On Tuesday, Manhattan-based mental health clinic Nushama announced that this week it will begin treating a patient struggling with alcohol addiction with doses of ketamine, a hallucinogenic substance mostly known for its illegal recreational uses. It’s yet another step into the mainstream for the burgeoning psychedelic therapy industry.

Don’t Harsh Our Vibes

Concert-addling recreational uses aside, ketamine has long carried a wide range of accepted medical applications since its inception in 1962, from a surgical anesthetic (often used during the Vietnam War) to a post-op painkiller. Increasingly, it’s viewed as a potentially powerful antidepressant when given in small, supervised doses, due to its ability to help patients gain a better perspective on their brain’s subconscious impulses. A clinical study published in the American Journal of Psychiatry last year by researchers at the University of Exeter found participants undergoing ketamine and psychotherapy treatment were 2.5 times more likely to avoid a relapse into alcohol use.

Nushama’s four-week psychotherapy program is licensed from UK biotech firm Awakn Life Sciences, whose program has since been exported to outside clinics in both Europe and North America, CEO Anthony Tennyson told the Financial Times.

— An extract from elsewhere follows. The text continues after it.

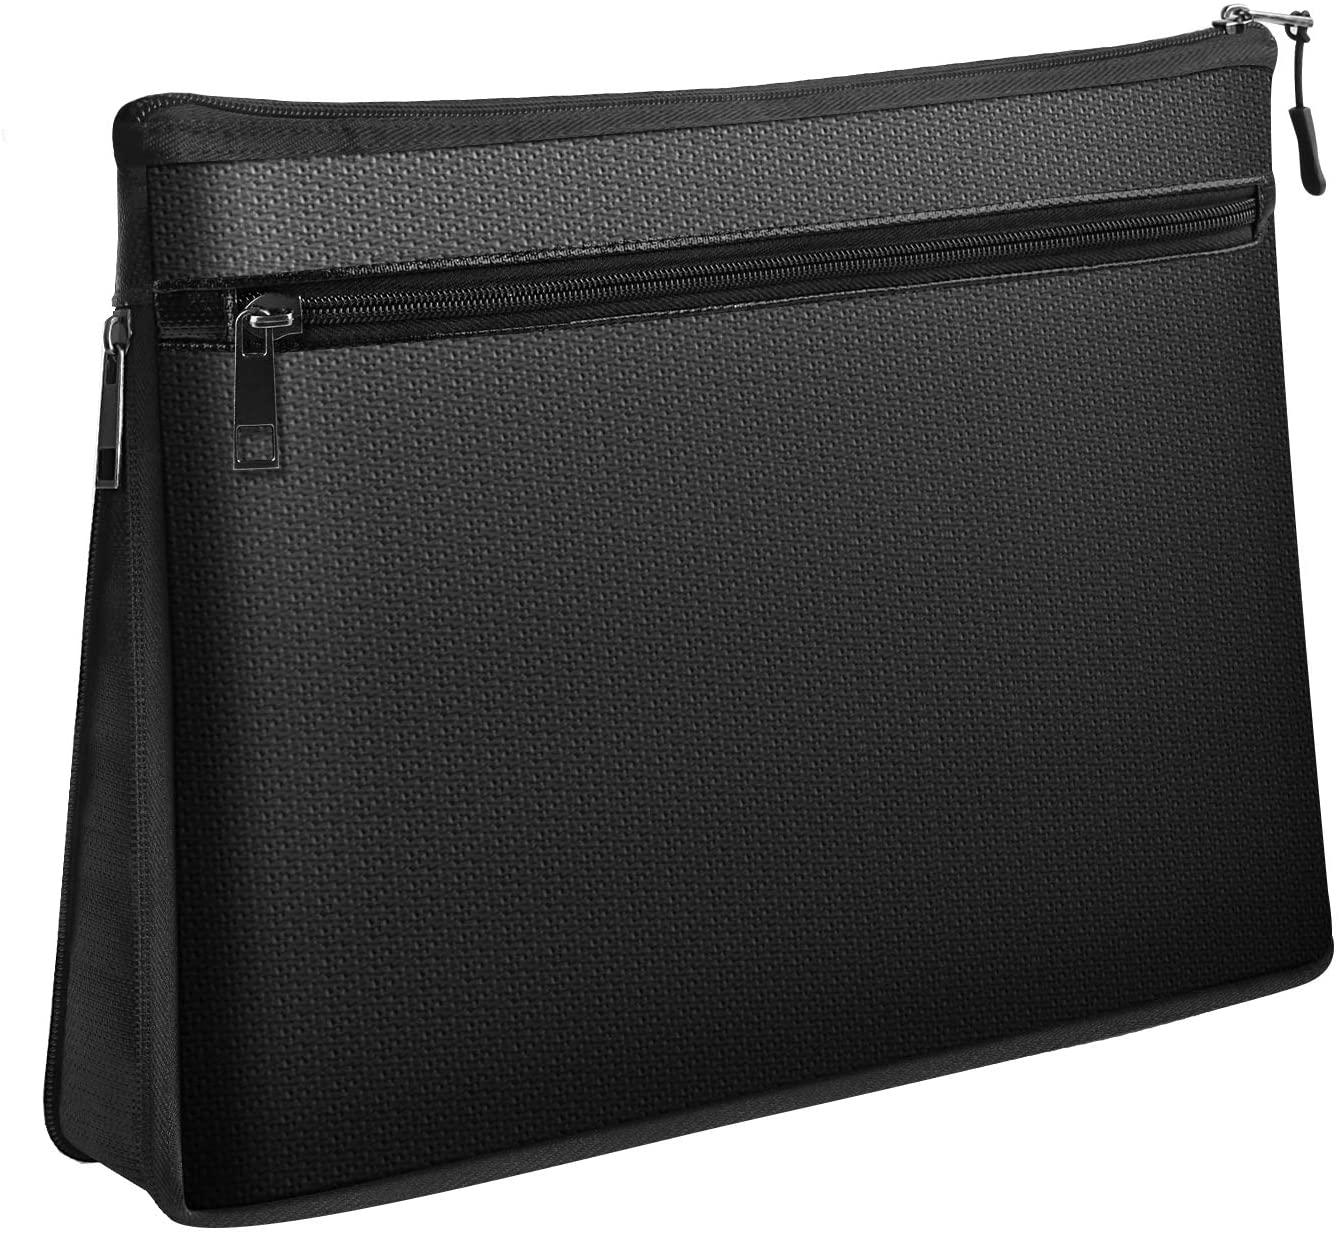 Fireproof Bag, Water Resistant & Fireproof Money Safe Bag, Fireproof Safe Valuables Storage Case & Organizer Bag with Zipper for Valuables, Cash, Passport, Keys (Black) (LLL)

While successful new programs have turned psychedelic therapy from a buzzword into a potential big business enterprise, in America, for now, there remains a major catch:

  • Nearly 15 million Americans aged 12 and up suffered from alcohol use disorder in 2019, according to the National Institute on Alcohol Abuse and Alcoholism. That explains, at least partially, why the psychedelic therapy industry is expected to increase in value from $3.6 billion in 2021 to $8.3 billion in 2028, according to a report from InsightAce Analytic.
  • The catch? US insurers won’t cover most treatments, and ketamine has yet to receive regulatory approval to treat alcohol addiction — meaning Nushama’s $10,000 treatment plan must be paid entirely out of pocket.

The Big Picture: Psychedelic therapy, perhaps obviously enough, is not for everyone. But the same could be said for other treatments. As much as 33% of the nearly 9 million US patients prescribed traditional antidepressants were unresponsive to their treatment, according to a 2021 study published in the Journal of Clinical Psychiatry. But another recent study published in the New England Journal of Medicine found those very same types of patients often found sustained success with psychedelic therapy. That’s, like, a major deal, man.